Check out the bias. Bias wiggle tremolo should be adjusted on the cold side.


----------



## Paul Running (Apr 12, 2020)

What current trip value and type...fast or slow blow?


----------



## Lincoln (Jun 2, 2008)

mostly AGC3's, last one I blew was an AGC4

(normal automotive type fuses, not slow blow)


----------



## Lincoln (Jun 2, 2008)

epis said:


> Check out the bias. Bias wiggle tremolo should be adjusted on the cold side.


I can't remember where I set it, but knowing me, it's on the high limit.  I'll check it


----------



## jb welder (Sep 14, 2010)

The bias runs through the wiper contact of the intensity pot. Any oxidization or glitchiness in that wiper contact means bias is lost and power tubes run flat out, probably blowing the fuse.


----------



## Lincoln (Jun 2, 2008)

epis said:


> Check out the bias. Bias wiggle tremolo should be adjusted on the cold side.

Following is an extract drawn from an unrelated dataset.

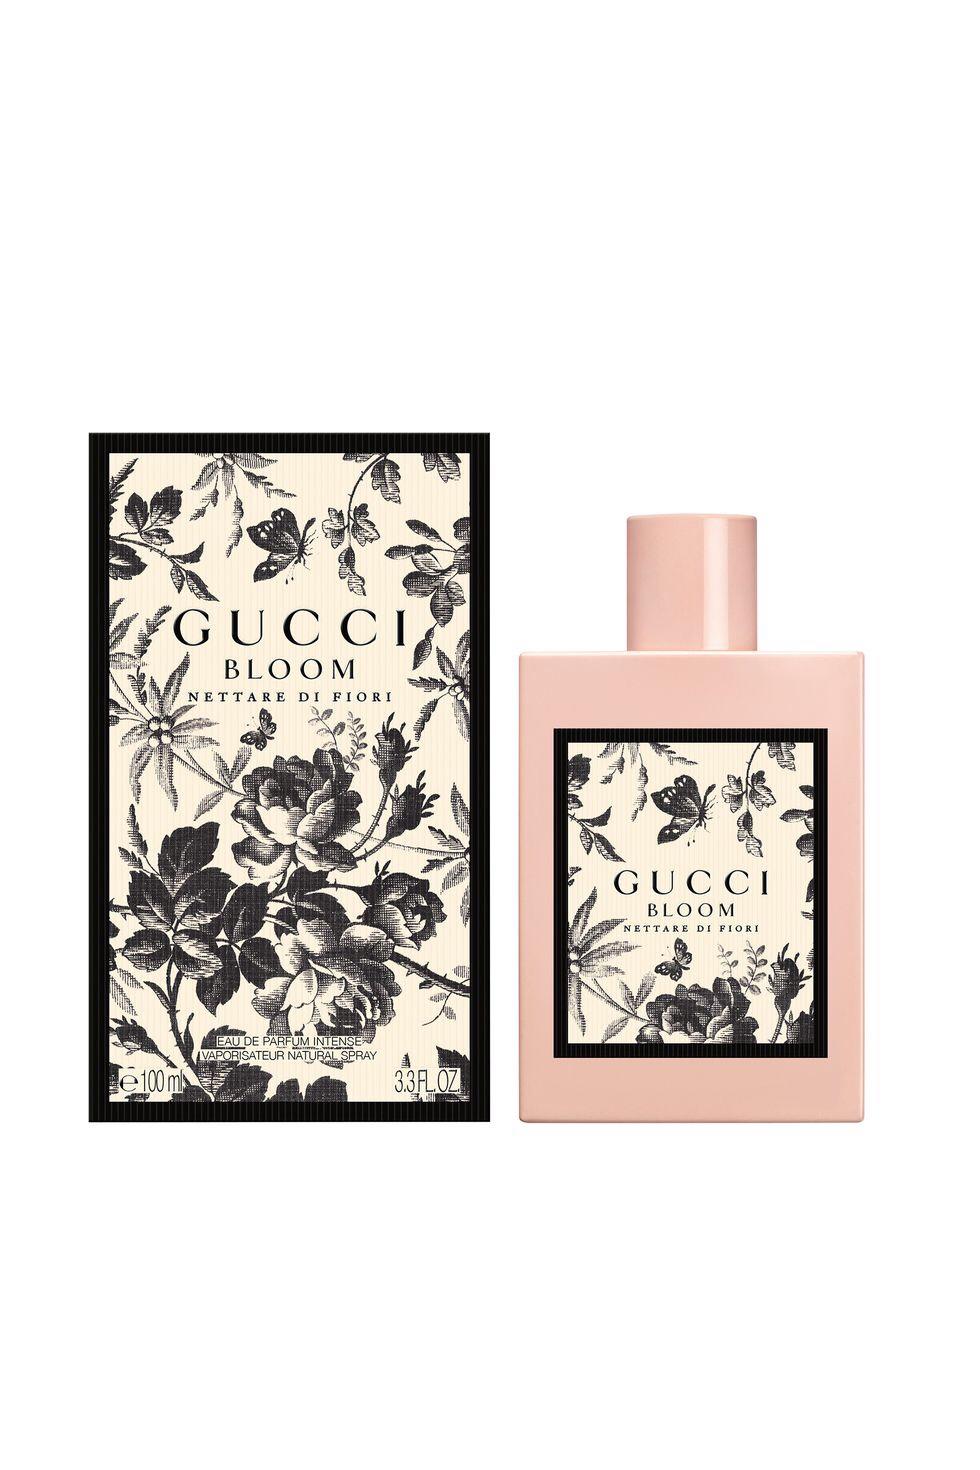 GUCCI Bloom Nettare di Fiori New Beauty August 2018

I wasn't as high as I thought I was. It was set to 34mv @ 450V on the plates. Less than 60%, right? I backed it off to 20mv @465V, I'll see if that makes a difference.


----------



## Paul Running (Apr 12, 2020)

Paul Running said:


> What current trip value and type...fast or slow blow?





Lincoln said:


> mostly AGC3's, last one I blew was an AGC4
> 
> (normal automotive type fuses, not slow blow)


Hi, if you have a Kill-a-Watt, you could monitor the real-time current or power consumption, to verify consumption at the mains.


----------



## Lincoln (Jun 2, 2008)

I had to Google "kill-a-watt", but I'm glad I did. Looks very useful and affordable. I "need" something like that. 

Amazon.ca to the rescue!


----------



## Lincoln (Jun 2, 2008)

jb welder said:


> The bias runs through the wiper contact of the intensity pot. Any oxidization or glitchiness in that wiper contact means bias is lost and power tubes run flat out, probably blowing the fuse.

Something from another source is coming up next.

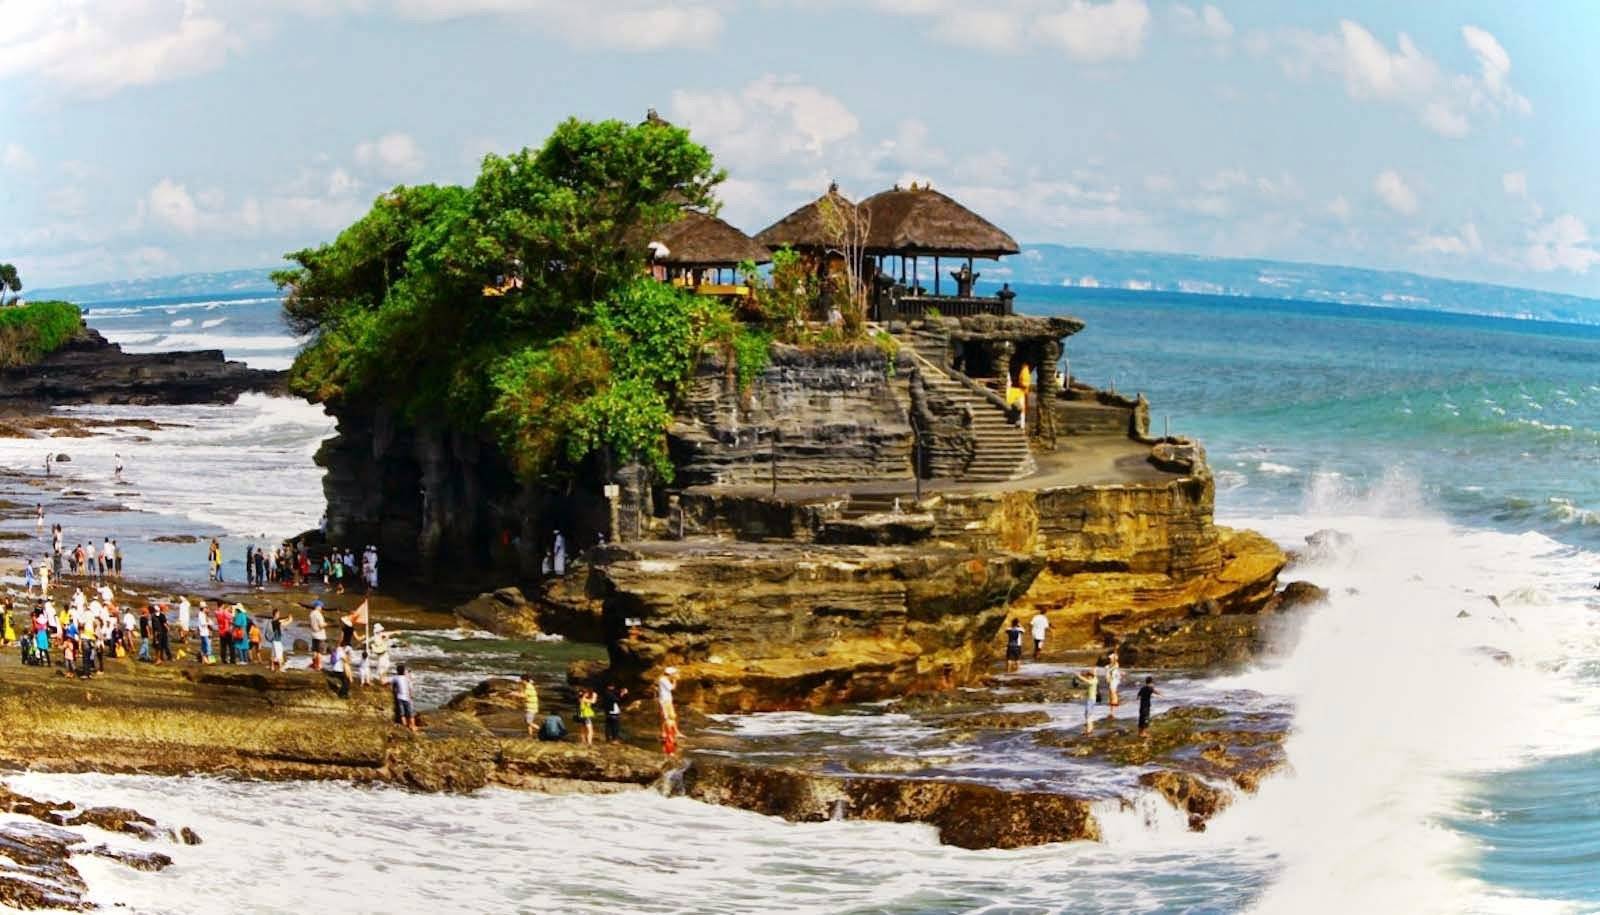 Бали - курорт в индонезии, описание отдыха на бали, отзыв и фото туриста - 2022

with the assistance of a large, lighted magnifying glass.....I found a single strand of a multi strand wire, hanging out and making contact between the wiper post and an element post. Fixed that and I've been playing on full tremolo intensity for quite a while without blowing a fuse. You may have nailed it on the head, yet again. The sweep of the pot was real nice in both directions btw.

A "thank you" goes out to you all.


----------



## Paul Running (Apr 12, 2020)

Lincoln said:


> with the assistance of a large, lighted magnifying glass.....I found a single strand of a multi strand wire, hanging out and making contact between the wiper post and an element post. Fixed that and I've been playing on full tremolo intensity for quite a while without blowing a fuse. You may have nailed it on the head, yet again. The sweep of the pot was real nice in both directions btw.
> 
> A "thank you" goes out to you all.


That's another great tool for troubleshooting...many faults can be detected with a good set of eyes, light and magnification...good show.


----------



## Latole (Aug 11, 2020)

epis said:


> Check out the bias. Bias wiggle tremolo should be adjusted on the cold side.

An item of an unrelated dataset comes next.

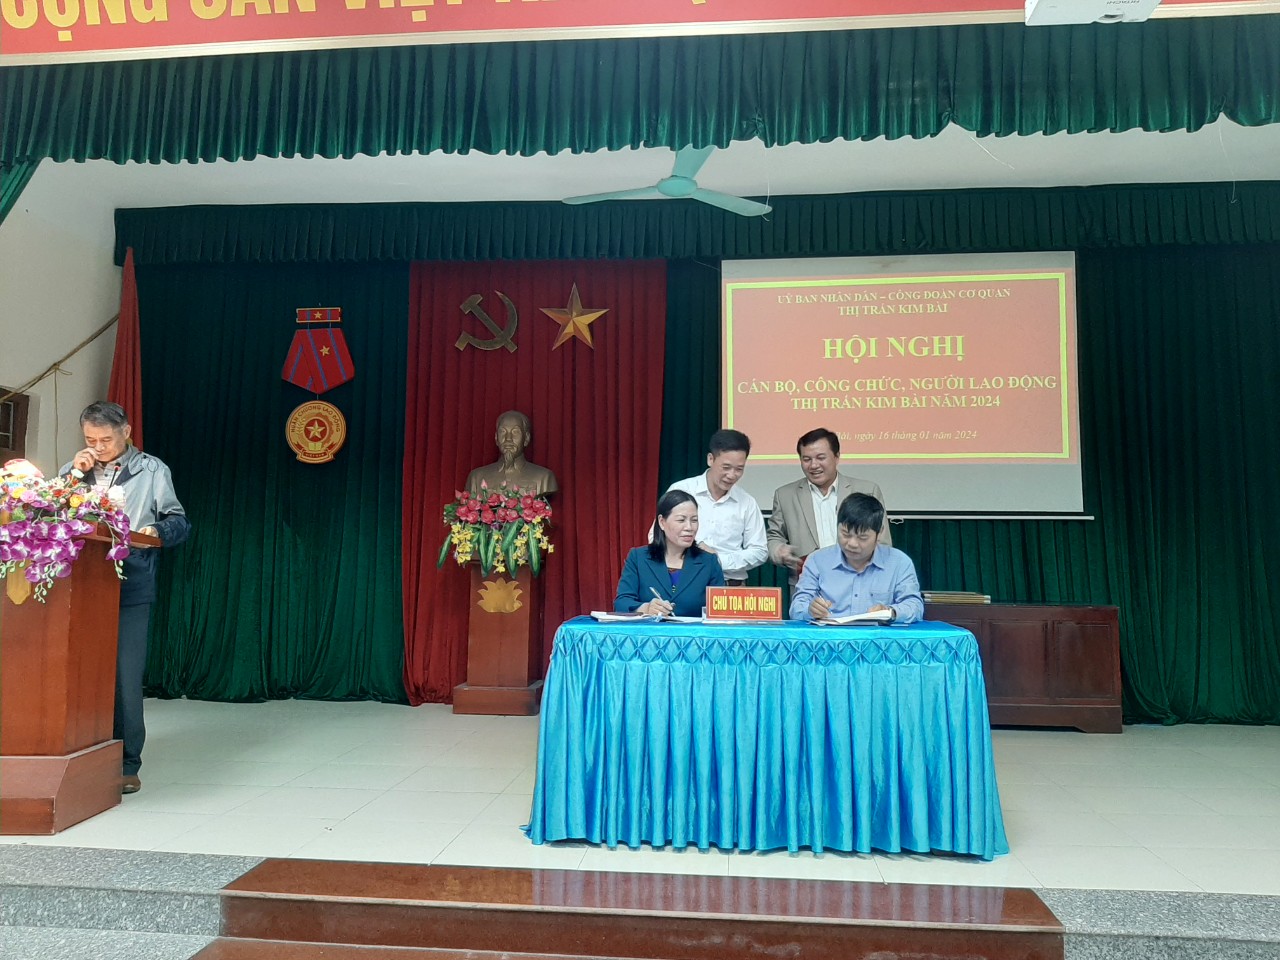 Hội nghị Cán bộ, công chức, người lao động thị trấn Kim Bài năm 2024

I agree, bias could be too hot.


----------



## Lincoln (Jun 2, 2008)

I got my power usage meter this morning. This amp is drawing 40 watts until the tubes come up, then it increases to 72 watts. Tremolo on max, it draws 80 watts of power.

I have a foolish need to short out those two posts on the trem intensity and see what that does to the draw. I'm semi-fighting this urge. I'll keep you posted.


----------



## Latole (Aug 11, 2020)

It is tubes dissipation ?


----------



## Lincoln (Jun 2, 2008)

No, that's the current to the primary side of the power transformer. The A/C 110V plug in. If I tweak the bias right up to 40mV, I can get it up to 90 watts of primary current, but that's it.
Not enough to blow a fuse.


----------



## Latole (Aug 11, 2020)

Remove all tubes, Power amp ON and see if fuse blow.
Fuse blow; issue in power supply 

To save fuse and to work easily in the amp, build ans use bulb lamp current limiter.


----------



## Latole (Aug 11, 2020)

" A brown-face vibroverb I built a year or so ago. It's been randomly blowing the fuse, about 6 times in the last year. I've narrowed it down to knowing it only happens when the tremolo is being used."
-Lincoln

IMO something you do wrong, bias too hot or ....? 
You may think your work is right but is wrong.


----------



## jb welder (Sep 14, 2010)

Latole said:


> IMO something you do wrong, bias too hot or ....?
> You may think your work is right but is wrong.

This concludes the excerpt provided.